←back to thread

Debian bookworm live images now reproducible

(lwn.net)
764 points bertman | 3 comments | 26 Mar 25 17:22 UTC | HN request time: 0.526s | source
1. Cort3z ◴[26 Mar 25 19:36 UTC] No.43486159[source]
I’m a noob to this subject. How can a build be non-reproducible? By that, I mean, what part of the build process could return non-deterministic output?
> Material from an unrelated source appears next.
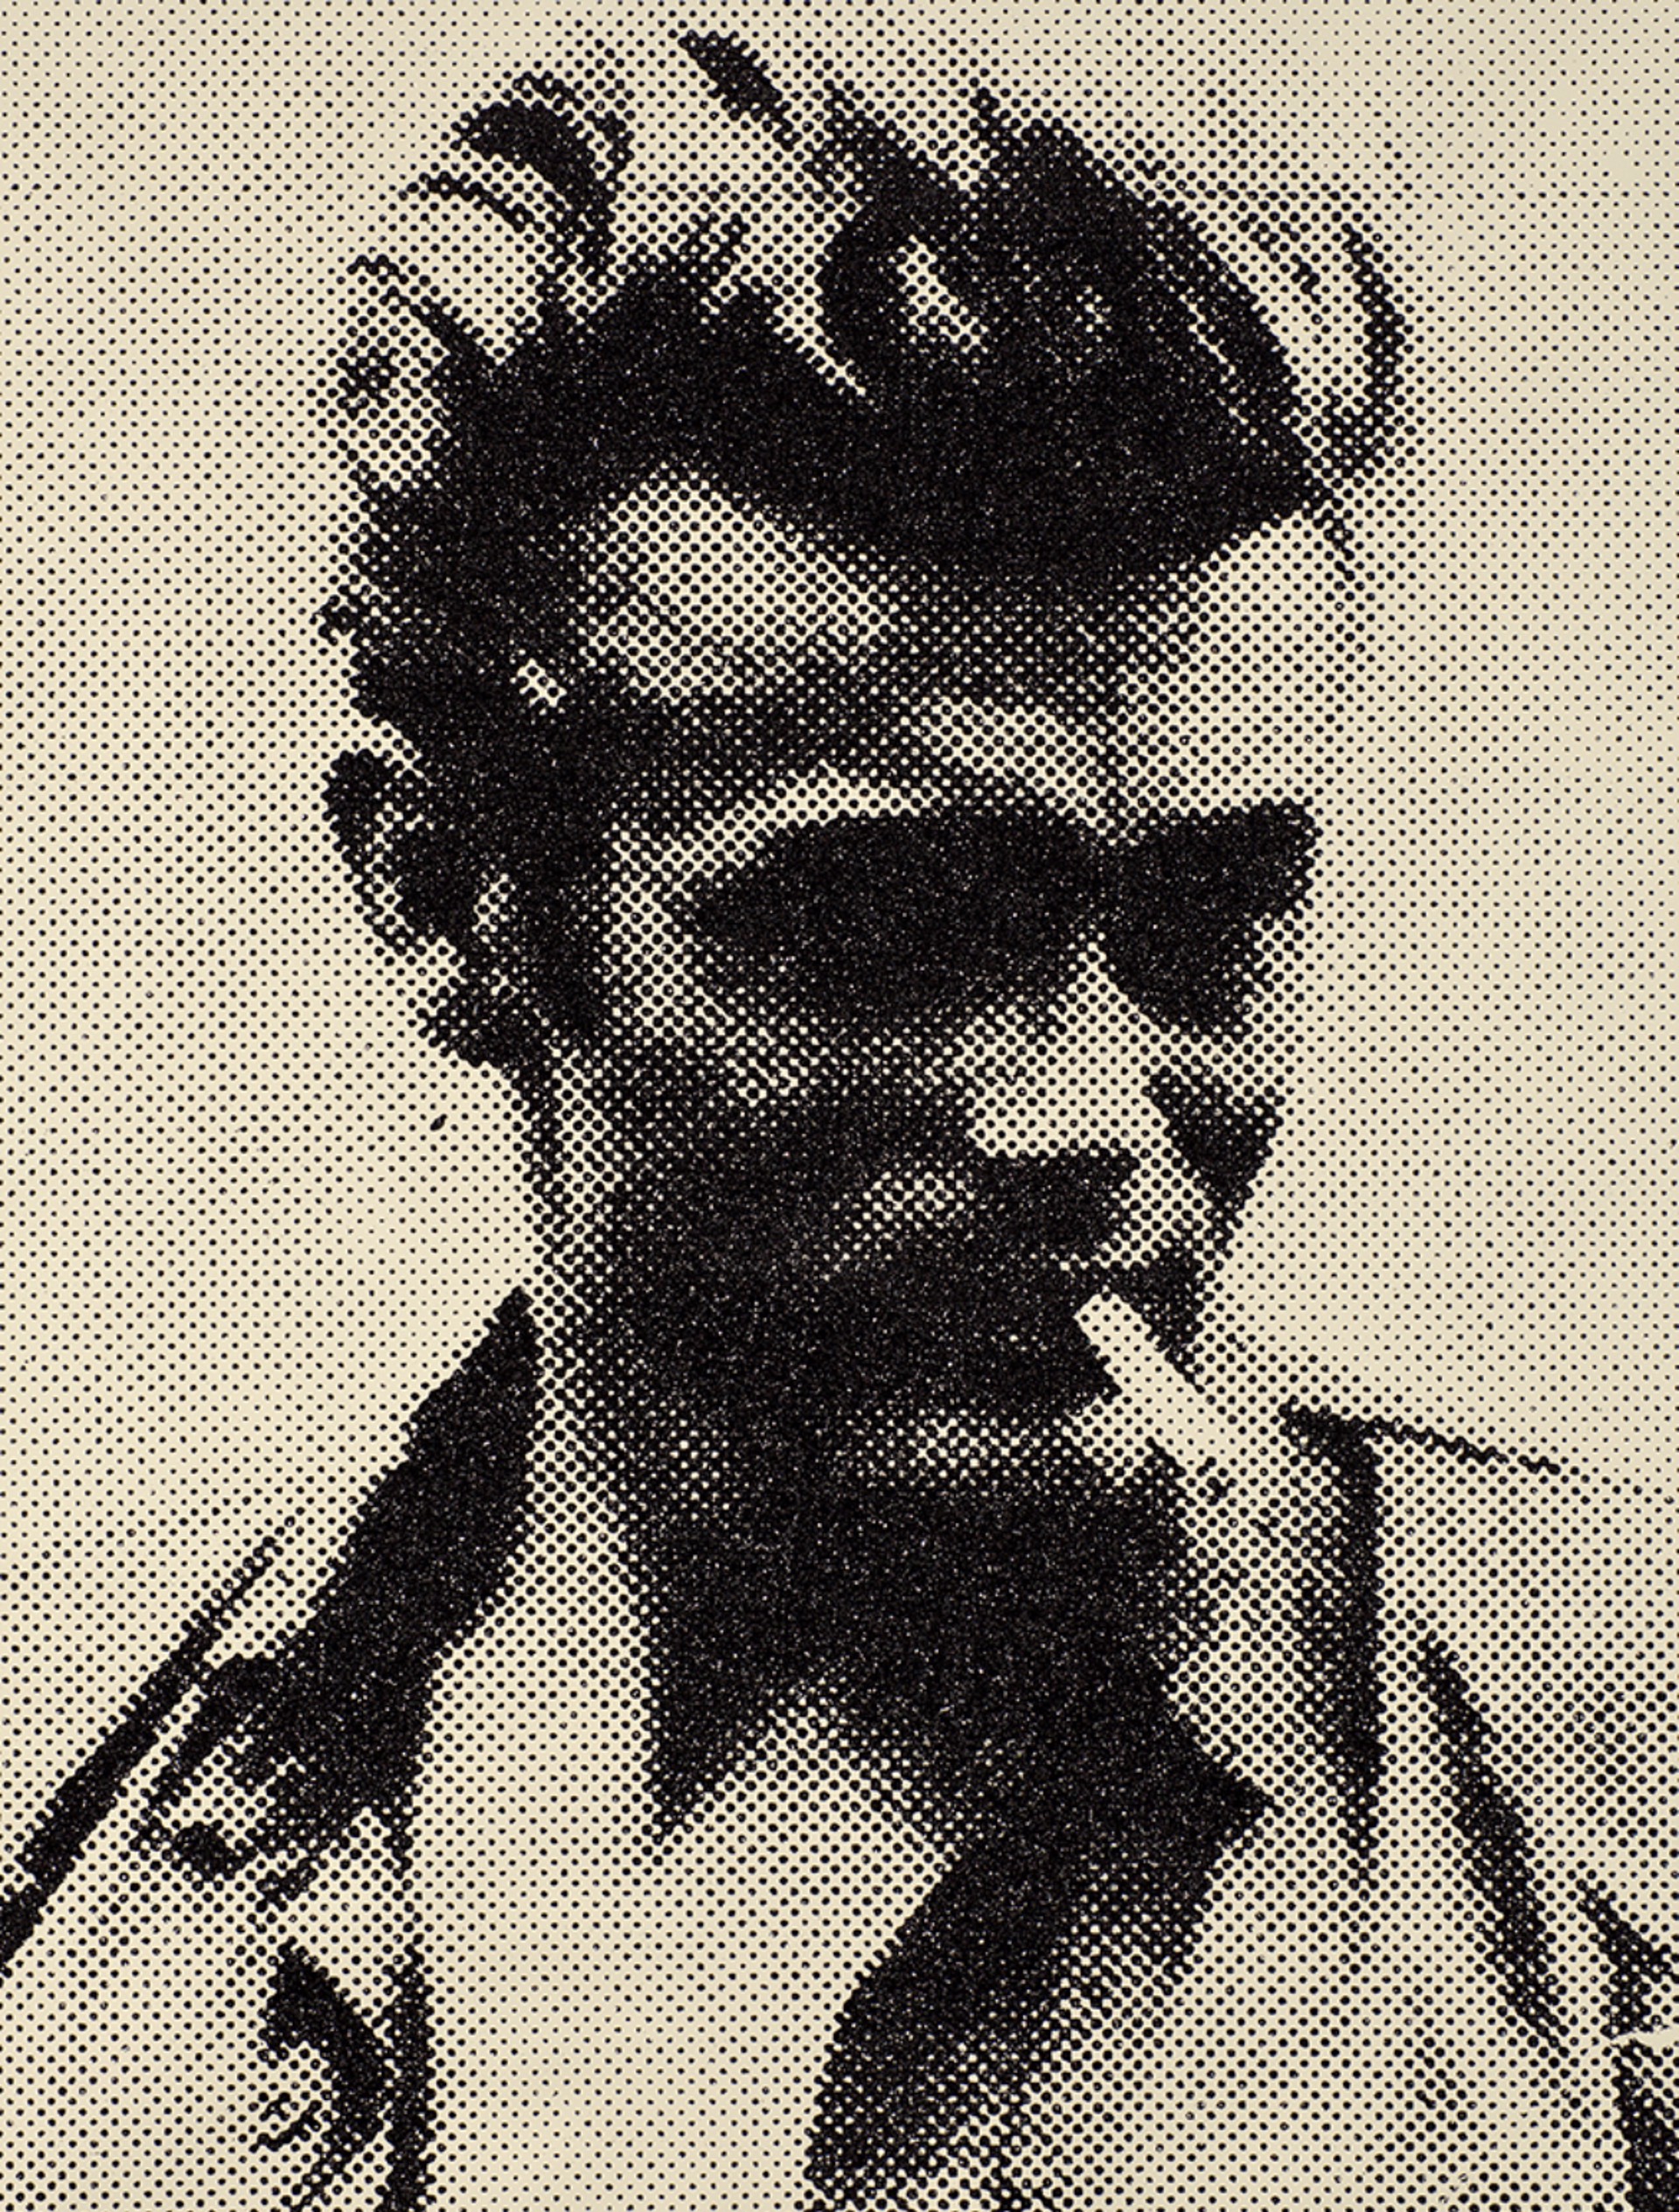 JAMES DEAN - B&W- by Russell Young

Are people putting timestamps into the build and stuff like that?
replies(2): >>43486207 #>>43488169 #
2. r3trohack3r ◴[26 Mar 25 19:39 UTC] No.43486207[source]
File paths, timestamps, unstable ordering of inputs/outputs, locals, version info, variations in the build environment, etc.

This pages has a good write up

https://reproducible-builds.org/docs/

3. jcranmer ◴[26 Mar 25 22:26 UTC] No.43488169[source]
Timestamps, timestamps, absolute paths (i.e., differences between building /src versus /home/Cort3z/source), timestamps, file inode numbering ("for file in directory" defaults to inode order rather than alphabetical order in many languages, and that means it's effectively pseudorandom), more timestamps, using random data in your build process (e.g., embedding a generated private key, or signing something), timestamps, and accidental nondeterminism within the compiler.

By far the most prevalent source of nondeterminism is timestamps, especially since timestamps crop up in file formats you don't expect (e.g., running gzip stuffs a timestamp in its output for who knows what reason). After that, it's the two big filesystem issues (absolute paths and directory iteration nondeterminism), and then it's basically a long tail of individual issues that affect but one or two packages.